FREMONT, Calif. - Desmond Sylva, 39, was so frustrated about not being able to reach the Employment Development Department to find out why he wasn't getting his unemployment check after being laid off from Tesla in Fremont, he hired a bot.
"I was desperate," Sylva said. "It was a last resort. I knew for sure I wouldn't be able to get ahold of EDD."
And while the experts say they see why people would want to use the technological assistance, they also warn that overcalling the strapped EDD might just make it worse for everyone else.
He Googled a bot service and found one, to which he paid $50 over two days to dial the beleaguered state agency for him over and over again. For the uninitiated, a bot, or web robot, is a software application that runs automated tasks, like phone calls, over the Internet.
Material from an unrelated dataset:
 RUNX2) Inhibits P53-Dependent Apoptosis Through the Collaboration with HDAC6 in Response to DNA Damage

When Sylva called in July of 2020, EDD was getting about 2.1 million callers a week, and 383,000 of them were unique callers. EDD staff answered about 217,000 of those unique calls.
That is an average of about five calls per person, but experts say that the more likely scenario is that the majority of people called once or twice and that a smaller group of people might have called up to 100 times that week.
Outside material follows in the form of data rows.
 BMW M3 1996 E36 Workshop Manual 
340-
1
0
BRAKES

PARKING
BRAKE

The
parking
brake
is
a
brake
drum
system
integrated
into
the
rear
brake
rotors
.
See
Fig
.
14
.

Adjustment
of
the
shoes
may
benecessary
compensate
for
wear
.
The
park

Since the pandemic began, 23.9 million claims have been filed and $167 billion has been paid out.
Eventually, the bot did get through and alerted Sylva via text that an EDD agent was on the phone, ready to speak with him. But it was the wrong department.
More than a year later, Sylva's claim has still not been paid.
He said the agency got the dates of his unemployment wrong and didn't have the company name "Tesla" on his form, which is holding up his payment.
He hasn't been able to resolve the discrepancies on his own, despite a settlement last month, where EDD must now stop its policy of freezing benefits for people whose existing claims have eligibility questions and instead must continue sending checks while they investigate the problem.
Despite that ruling, Sylva said the EDD employee he talked to wasn't able to resolve the problem.
EDD doesn't comment on individual cases.
But in general, the agency said in an email that they "never encourage folks to pay for services they can get for free."
"We understand how challenging it can be to get through to the call center and we are working hard to pay claims, resolve issues, and enhance our ability to serve our claimants – including providing valuable information on our website and in YouTube videos to address the most common questions we receive," the email stated.
The EDD also set up a customer call-back function where people who have waited more than 15 minutes in a queue can have the EDD call them back.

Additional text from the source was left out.